--- PROVIDED DATA ---

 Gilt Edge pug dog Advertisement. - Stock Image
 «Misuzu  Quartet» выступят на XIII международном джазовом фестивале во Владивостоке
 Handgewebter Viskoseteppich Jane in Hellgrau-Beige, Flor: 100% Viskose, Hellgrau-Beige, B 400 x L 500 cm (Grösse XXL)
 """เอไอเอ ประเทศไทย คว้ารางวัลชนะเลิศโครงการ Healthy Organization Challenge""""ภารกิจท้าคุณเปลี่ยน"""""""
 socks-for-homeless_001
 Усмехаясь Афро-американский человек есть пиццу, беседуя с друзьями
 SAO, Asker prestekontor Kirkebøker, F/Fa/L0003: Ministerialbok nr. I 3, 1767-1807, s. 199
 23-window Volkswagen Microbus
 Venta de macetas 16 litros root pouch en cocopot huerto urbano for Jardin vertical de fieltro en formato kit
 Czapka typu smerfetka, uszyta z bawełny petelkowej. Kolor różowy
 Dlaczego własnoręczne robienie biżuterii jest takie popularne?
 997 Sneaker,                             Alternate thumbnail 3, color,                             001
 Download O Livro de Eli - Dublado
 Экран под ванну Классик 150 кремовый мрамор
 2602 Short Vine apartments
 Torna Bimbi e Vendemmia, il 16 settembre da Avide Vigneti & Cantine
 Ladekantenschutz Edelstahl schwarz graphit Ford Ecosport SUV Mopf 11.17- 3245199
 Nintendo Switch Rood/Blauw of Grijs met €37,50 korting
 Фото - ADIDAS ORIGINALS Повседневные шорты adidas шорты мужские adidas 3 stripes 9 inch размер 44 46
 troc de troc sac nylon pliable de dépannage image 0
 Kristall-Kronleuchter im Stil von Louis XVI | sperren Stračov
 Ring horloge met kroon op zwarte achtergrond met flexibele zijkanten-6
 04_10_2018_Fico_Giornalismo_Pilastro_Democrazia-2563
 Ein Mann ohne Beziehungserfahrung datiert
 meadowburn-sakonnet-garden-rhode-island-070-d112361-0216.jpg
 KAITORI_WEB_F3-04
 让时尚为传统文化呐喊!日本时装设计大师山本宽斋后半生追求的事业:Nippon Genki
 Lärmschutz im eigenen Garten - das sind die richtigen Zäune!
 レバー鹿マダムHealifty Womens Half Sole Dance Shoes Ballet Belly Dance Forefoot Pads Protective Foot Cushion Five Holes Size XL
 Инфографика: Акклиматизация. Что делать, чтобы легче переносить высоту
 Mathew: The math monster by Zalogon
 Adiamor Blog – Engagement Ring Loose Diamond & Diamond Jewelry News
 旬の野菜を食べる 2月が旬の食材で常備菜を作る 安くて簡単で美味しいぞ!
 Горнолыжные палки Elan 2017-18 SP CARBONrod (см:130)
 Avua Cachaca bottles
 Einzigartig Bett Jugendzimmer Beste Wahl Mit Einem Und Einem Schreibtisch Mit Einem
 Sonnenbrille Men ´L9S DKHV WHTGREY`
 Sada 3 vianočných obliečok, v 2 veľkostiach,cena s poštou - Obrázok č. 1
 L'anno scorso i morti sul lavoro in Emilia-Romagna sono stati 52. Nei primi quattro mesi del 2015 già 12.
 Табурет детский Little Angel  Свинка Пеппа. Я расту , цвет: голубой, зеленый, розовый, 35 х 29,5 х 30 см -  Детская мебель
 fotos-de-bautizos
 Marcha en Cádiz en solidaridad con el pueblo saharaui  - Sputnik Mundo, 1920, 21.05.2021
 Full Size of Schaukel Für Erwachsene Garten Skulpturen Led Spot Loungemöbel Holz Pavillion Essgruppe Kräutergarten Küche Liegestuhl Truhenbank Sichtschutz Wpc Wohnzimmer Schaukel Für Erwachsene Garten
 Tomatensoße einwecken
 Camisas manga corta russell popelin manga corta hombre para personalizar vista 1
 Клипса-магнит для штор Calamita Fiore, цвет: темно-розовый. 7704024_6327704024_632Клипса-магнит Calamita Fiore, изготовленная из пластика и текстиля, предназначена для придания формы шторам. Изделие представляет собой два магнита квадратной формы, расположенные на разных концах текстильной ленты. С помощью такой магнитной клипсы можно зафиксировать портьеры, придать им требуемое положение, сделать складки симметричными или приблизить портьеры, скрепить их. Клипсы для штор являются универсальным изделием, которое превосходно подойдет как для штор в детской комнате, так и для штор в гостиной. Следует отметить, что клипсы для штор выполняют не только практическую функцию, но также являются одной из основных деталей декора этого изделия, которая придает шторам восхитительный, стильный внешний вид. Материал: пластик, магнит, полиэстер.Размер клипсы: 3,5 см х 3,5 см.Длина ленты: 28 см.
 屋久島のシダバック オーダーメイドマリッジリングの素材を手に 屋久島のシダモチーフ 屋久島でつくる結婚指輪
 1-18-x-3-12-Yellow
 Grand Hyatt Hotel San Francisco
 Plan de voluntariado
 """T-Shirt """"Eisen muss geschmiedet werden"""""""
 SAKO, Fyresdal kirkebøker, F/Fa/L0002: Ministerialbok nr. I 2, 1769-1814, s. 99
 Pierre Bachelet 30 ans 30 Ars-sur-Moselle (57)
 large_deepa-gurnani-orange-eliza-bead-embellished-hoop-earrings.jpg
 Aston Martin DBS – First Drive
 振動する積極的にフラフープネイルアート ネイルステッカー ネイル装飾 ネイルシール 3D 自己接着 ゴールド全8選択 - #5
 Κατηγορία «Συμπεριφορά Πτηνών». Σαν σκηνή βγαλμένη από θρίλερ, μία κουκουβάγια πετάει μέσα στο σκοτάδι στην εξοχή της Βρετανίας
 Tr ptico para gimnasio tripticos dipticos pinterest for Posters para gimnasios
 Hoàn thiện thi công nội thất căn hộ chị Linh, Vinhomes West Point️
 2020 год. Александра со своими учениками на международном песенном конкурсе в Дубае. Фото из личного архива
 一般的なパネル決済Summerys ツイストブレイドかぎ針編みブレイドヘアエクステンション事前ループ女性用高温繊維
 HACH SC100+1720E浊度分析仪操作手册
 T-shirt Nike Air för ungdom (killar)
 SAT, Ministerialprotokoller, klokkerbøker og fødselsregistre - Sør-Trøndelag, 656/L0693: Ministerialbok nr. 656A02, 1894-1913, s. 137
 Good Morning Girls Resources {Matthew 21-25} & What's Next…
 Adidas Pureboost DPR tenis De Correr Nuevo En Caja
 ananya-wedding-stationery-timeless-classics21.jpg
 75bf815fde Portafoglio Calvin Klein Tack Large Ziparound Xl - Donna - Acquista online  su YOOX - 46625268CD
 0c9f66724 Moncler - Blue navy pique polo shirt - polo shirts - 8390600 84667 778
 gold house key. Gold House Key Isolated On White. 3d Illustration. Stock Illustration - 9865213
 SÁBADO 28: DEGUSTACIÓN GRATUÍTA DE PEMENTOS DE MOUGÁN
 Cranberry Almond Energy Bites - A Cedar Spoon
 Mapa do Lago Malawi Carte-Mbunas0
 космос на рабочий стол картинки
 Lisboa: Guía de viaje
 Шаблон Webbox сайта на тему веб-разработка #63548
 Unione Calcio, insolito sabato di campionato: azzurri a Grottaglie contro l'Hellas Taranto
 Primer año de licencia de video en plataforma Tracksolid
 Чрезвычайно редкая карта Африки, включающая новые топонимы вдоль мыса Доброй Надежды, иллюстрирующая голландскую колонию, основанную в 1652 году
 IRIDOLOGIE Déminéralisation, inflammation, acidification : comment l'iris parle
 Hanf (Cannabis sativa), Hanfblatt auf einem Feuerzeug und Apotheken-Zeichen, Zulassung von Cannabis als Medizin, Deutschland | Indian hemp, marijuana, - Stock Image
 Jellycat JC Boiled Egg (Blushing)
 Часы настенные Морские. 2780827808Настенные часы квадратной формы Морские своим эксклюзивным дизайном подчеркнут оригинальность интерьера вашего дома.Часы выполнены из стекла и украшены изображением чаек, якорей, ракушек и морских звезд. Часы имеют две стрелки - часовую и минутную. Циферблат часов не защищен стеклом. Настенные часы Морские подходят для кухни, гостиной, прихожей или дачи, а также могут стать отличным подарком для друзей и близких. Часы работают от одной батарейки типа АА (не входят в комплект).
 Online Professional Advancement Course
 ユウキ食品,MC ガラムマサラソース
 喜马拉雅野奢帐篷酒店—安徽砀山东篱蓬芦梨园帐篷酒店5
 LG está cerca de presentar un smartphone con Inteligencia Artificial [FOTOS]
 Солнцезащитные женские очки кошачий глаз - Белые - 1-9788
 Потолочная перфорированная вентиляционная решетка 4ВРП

---

WORK TO BE COMPLETED
Wherever a line in the entries holds "Size", copy that line.

WORKED SOLUTION
 レバー鹿マダムHealifty Womens Half Sole Dance Shoes Ballet Belly Dance Forefoot Pads Protective Foot Cushion Five Holes Size XL
 Full Size of Schaukel Für Erwachsene Garten Skulpturen Led Spot Loungemöbel Holz Pavillion Essgruppe Kräutergarten Küche Liegestuhl Truhenbank Sichtschutz Wpc Wohnzimmer Schaukel Für Erwachsene Garten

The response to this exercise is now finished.